MongoDB's Atlas Search allows fine-grained text indexing and querying of data on your Atlas cluster. It enables advanced search functionality for your applications without any additional management or separate search system alongside your database. Atlas Search provides options for several kinds of text analyzers, a rich query language that uses Atlas Search aggregation pipeline stages like $search and $searchMeta in conjunction with other MongoDB aggregation pipeline stages, and score-based results ranking.

Atlas Search is available on Atlas instances running MongoDB 4.2 or higher versions only. For certain features, Atlas Search might require a specific version of MongoDB. The following table lists the Atlas Search features that require specific MongoDB versions.

Atlas Search Feature
MongoDB Version for Feature
4.4.11+, 5.0.4+, 6.0+
4.4.12+, 5.0.6+, 6.0+

Atlas Search is not supported for time series collections.

The Atlas Search mongot Java web process uses Apache Lucene and runs alongside mongod on each node in the Atlas cluster.

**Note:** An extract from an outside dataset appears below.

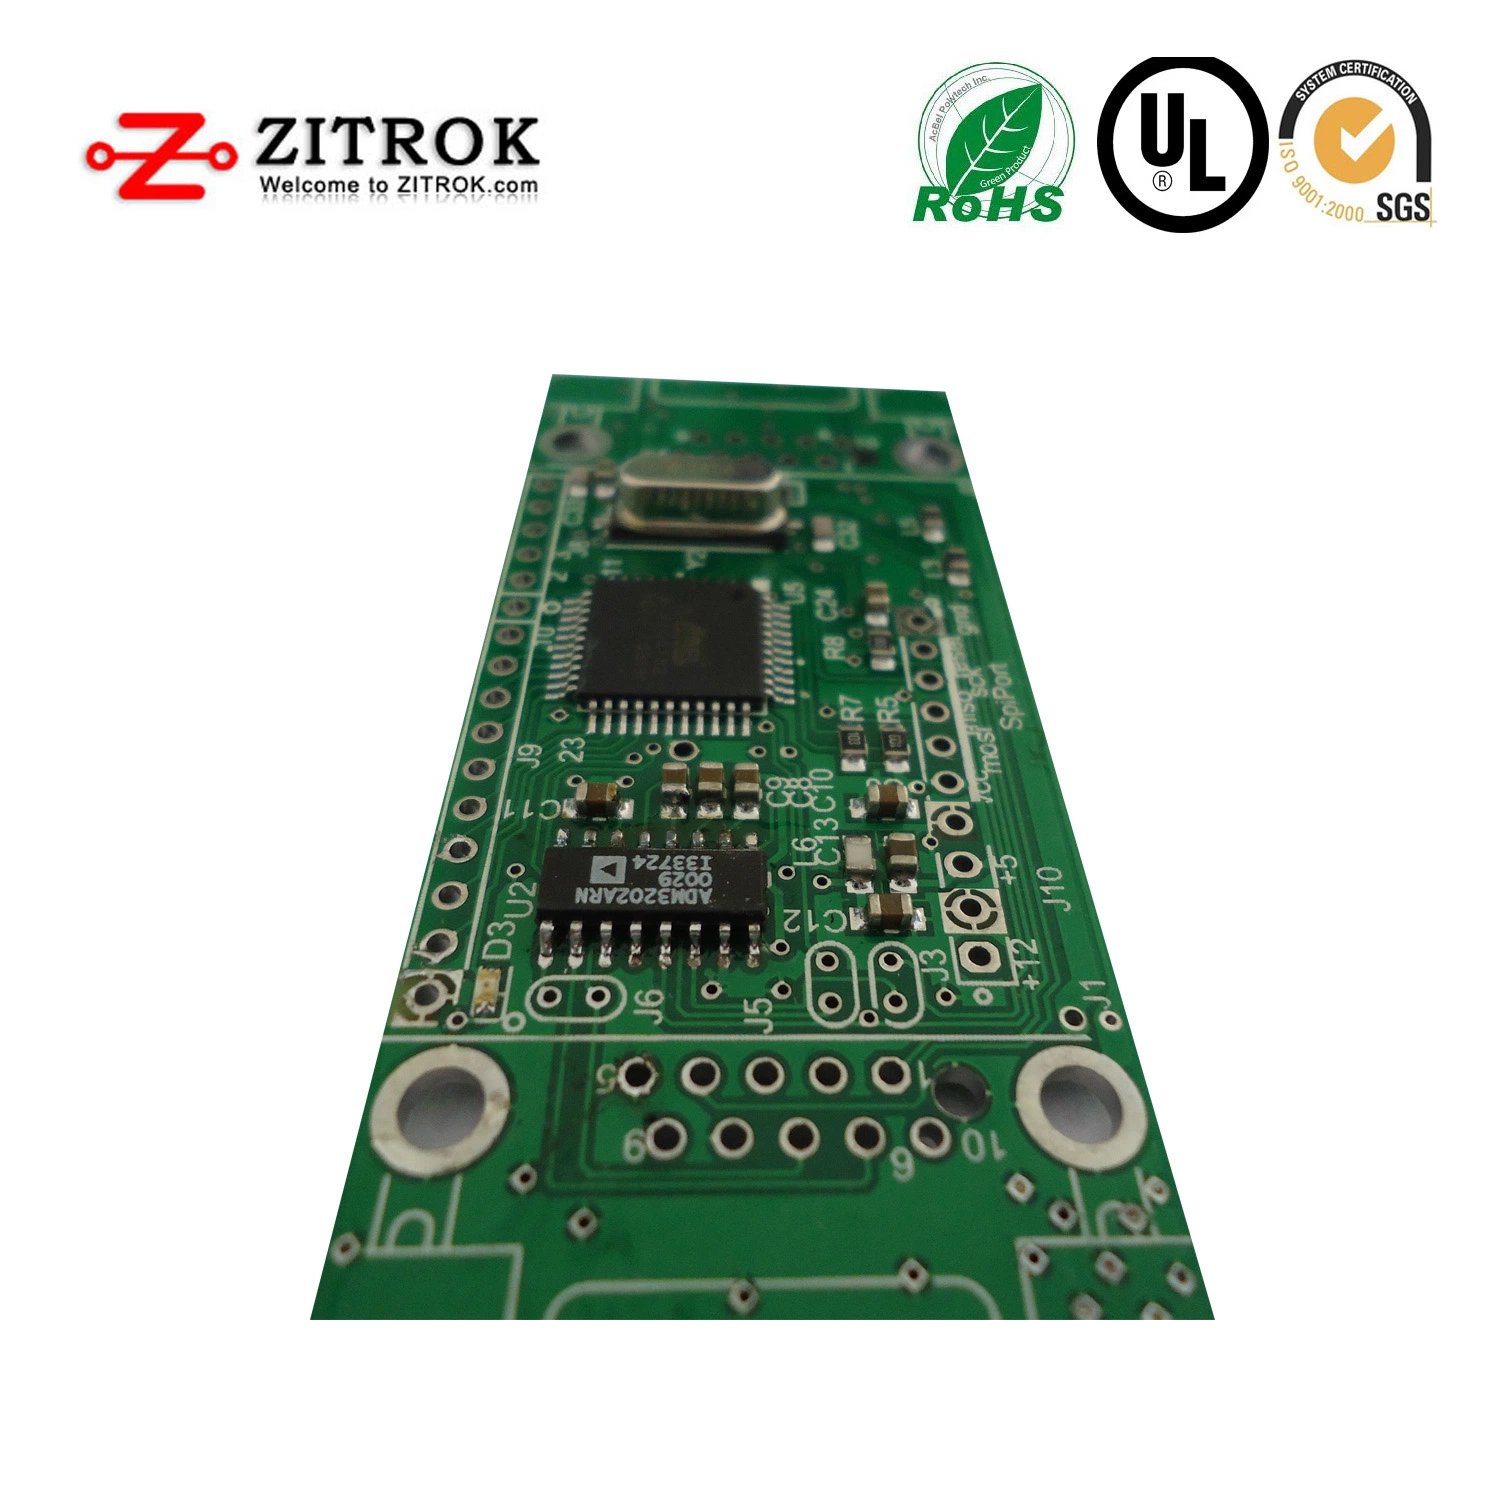 EMS Electronic PCBA, Medical Devices PCB Assembly

The mongot process:

  1. Creates Atlas Search indexes based on the rules in the index definition for the collection.

  2. Monitors change streams for the current state of the documents and index changes for the collections for which you defined Atlas Search indexes.

  3. Processes Atlas Search queries and returns matching documents.

Atlas Search architecture

If you define stored source fields in your Atlas Search index, the mongot process stores the specified fields and, for matching documents, returns the stored fields directly from mongot instead of doing a full document lookup on the database if you specify the returnStoredSource Option in your query.

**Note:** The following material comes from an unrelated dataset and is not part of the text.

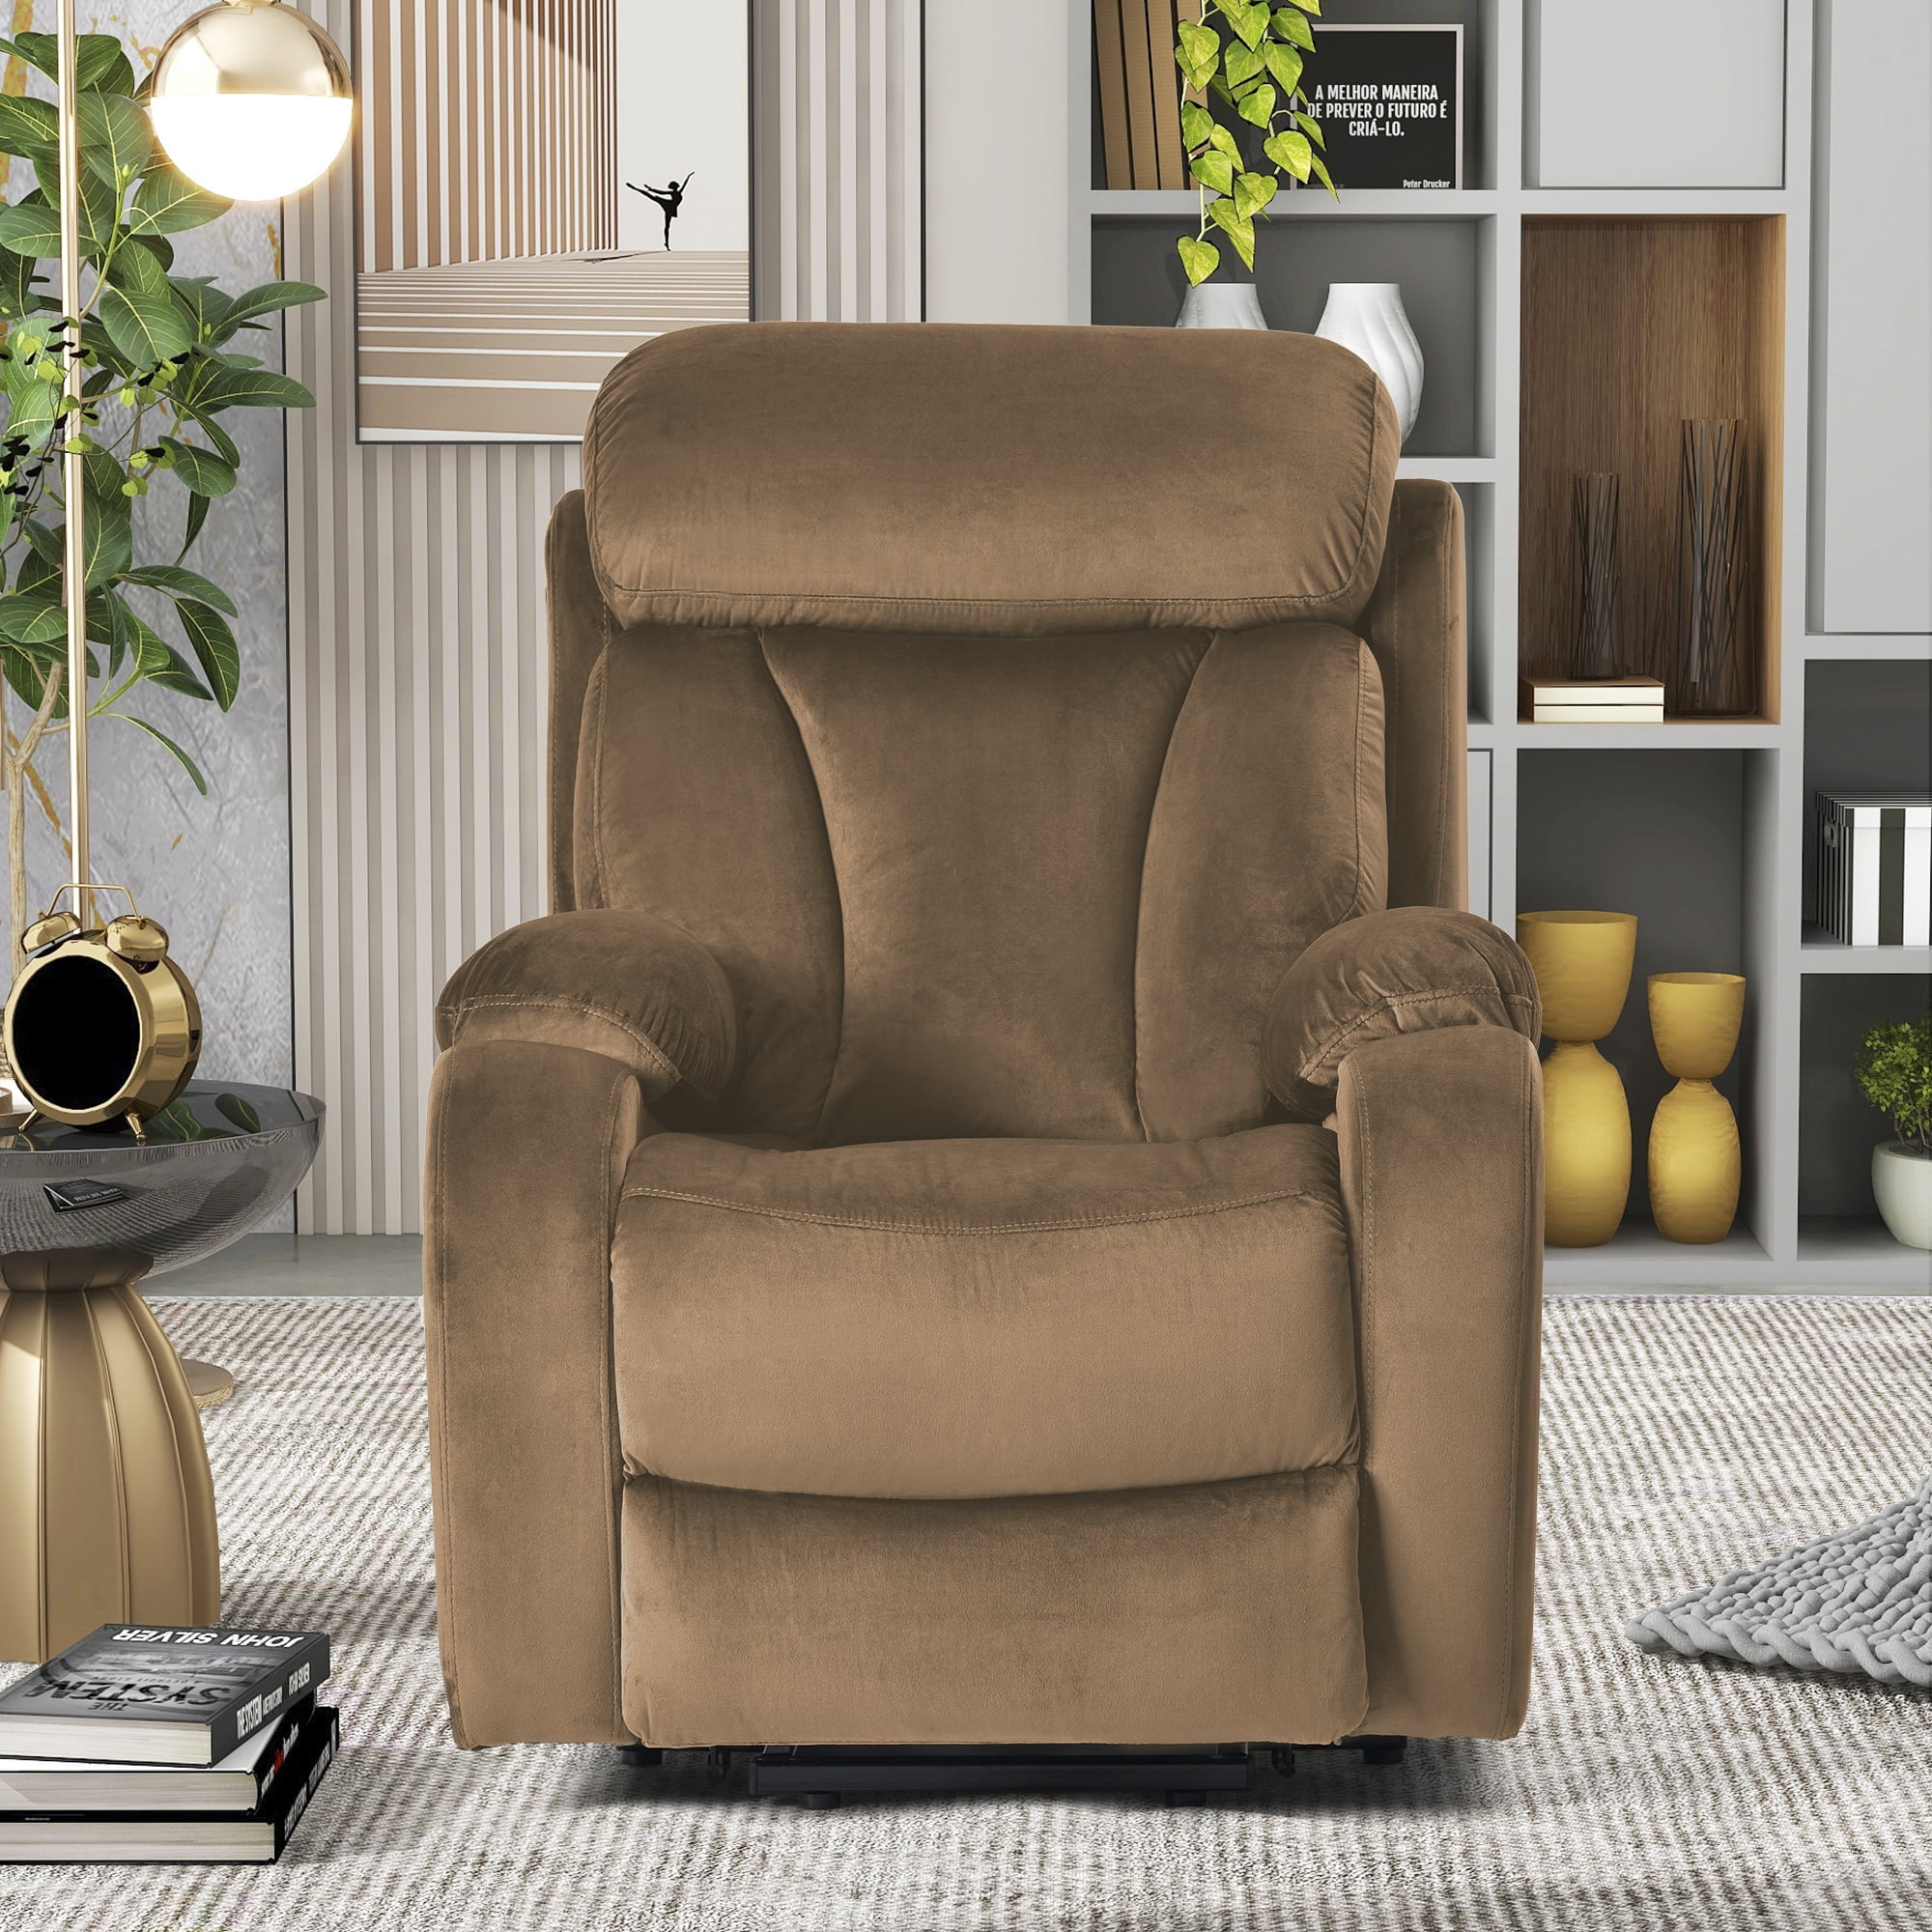 Upholstery Elderly Recliner Chair with Padded Seat Adjustable

Atlas Search stored source architecture

Atlas Search index is a data structure that categorizes data in an easily searchable format. It is a mapping between terms and the documents that contain those terms. Atlas Search indexes enable faster retrieval of documents using certain identifiers. You must configure an Atlas Search index to query data in your Atlas cluster using Atlas Search.

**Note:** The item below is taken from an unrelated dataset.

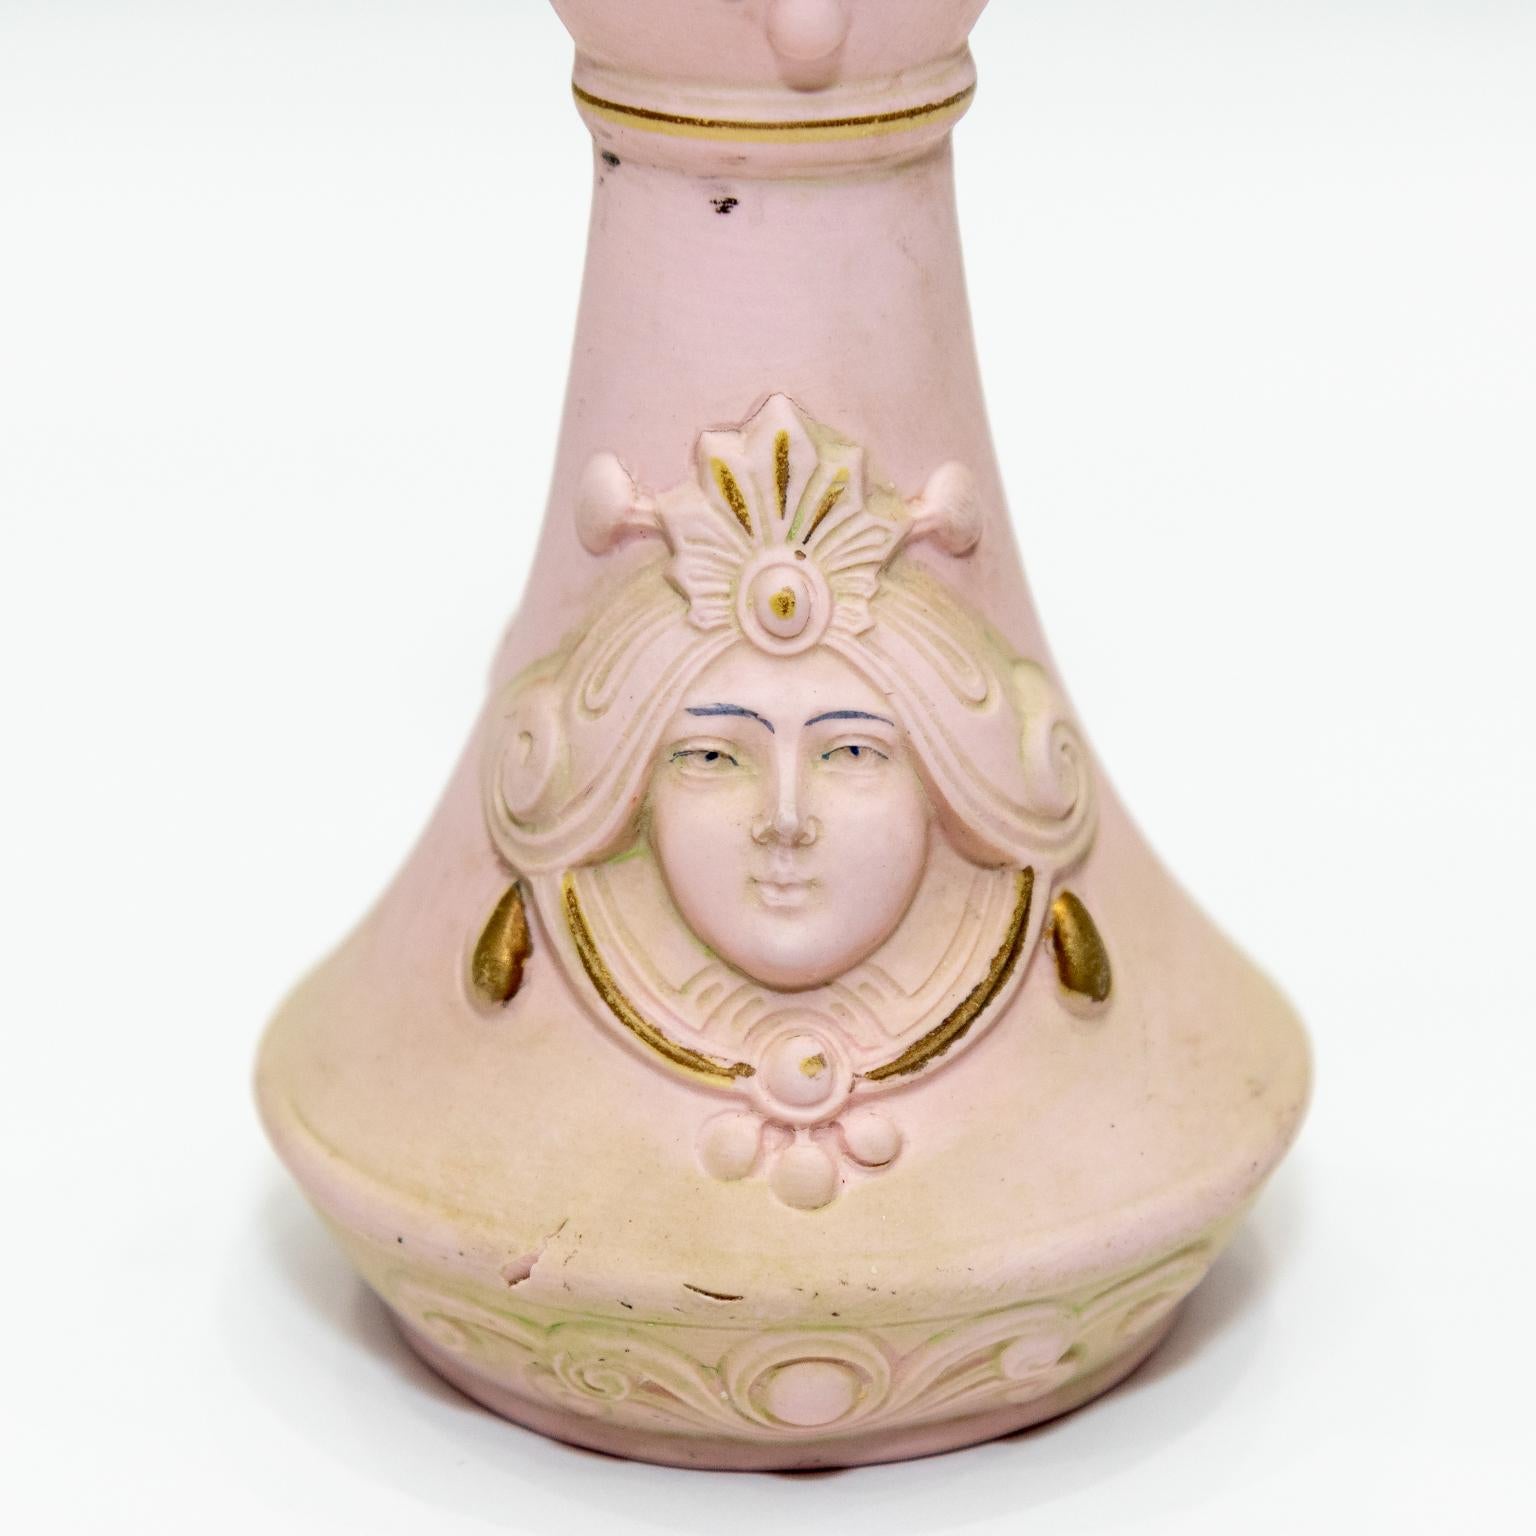 Circa early 20th century porcelain hat pin holder which bears the mark of Schafer and Vater from Germany. The piece depicts a woman in an Art Nouveau design as seen on the base. Made in Germany. Please note of wear consistent with age including

You can create an Atlas Search index on a single field or on multiple fields. We recommend that you index the fields that you regularly use to sort or filter your data in order to quickly retrieve the documents that contain the relevant data at query-time.

When you configure one or more Atlas Search indexes, Atlas enables the mongot process on the nodes in the cluster. Each mongot process talks to the mongod on the same node. To create and update search indexes, the mongot process performs collection scans on the backend database and opens change streams for each index.

You can specify the fields to index using the following methods:

  • Dynamic mappings, which enables Atlas Search to automatically index all the fields of supported types in each document. This takes disk space and might negatively impact cluster performance.

  • Static mappings, which allows you to selectively identify the fields to index.

Atlas Search performs inverted indexing and stores the indexed fields on disk. An inverted index is a mapping between terms and which documents contain those terms. Atlas Search indexes contain the term, the _id, and other relevant metadata about the term, such as the position of the term, in the document.

Although the data stored on Atlas Search isn't an identical copy of data from the collection on your Atlas cluster, Atlas Search indexes still take some disk space and memory. If you enable the store option for fields that contain string values or if you configure the stored source fields in your index, Atlas Search stores an identical copy of the specified fields on disk, which can take disk space.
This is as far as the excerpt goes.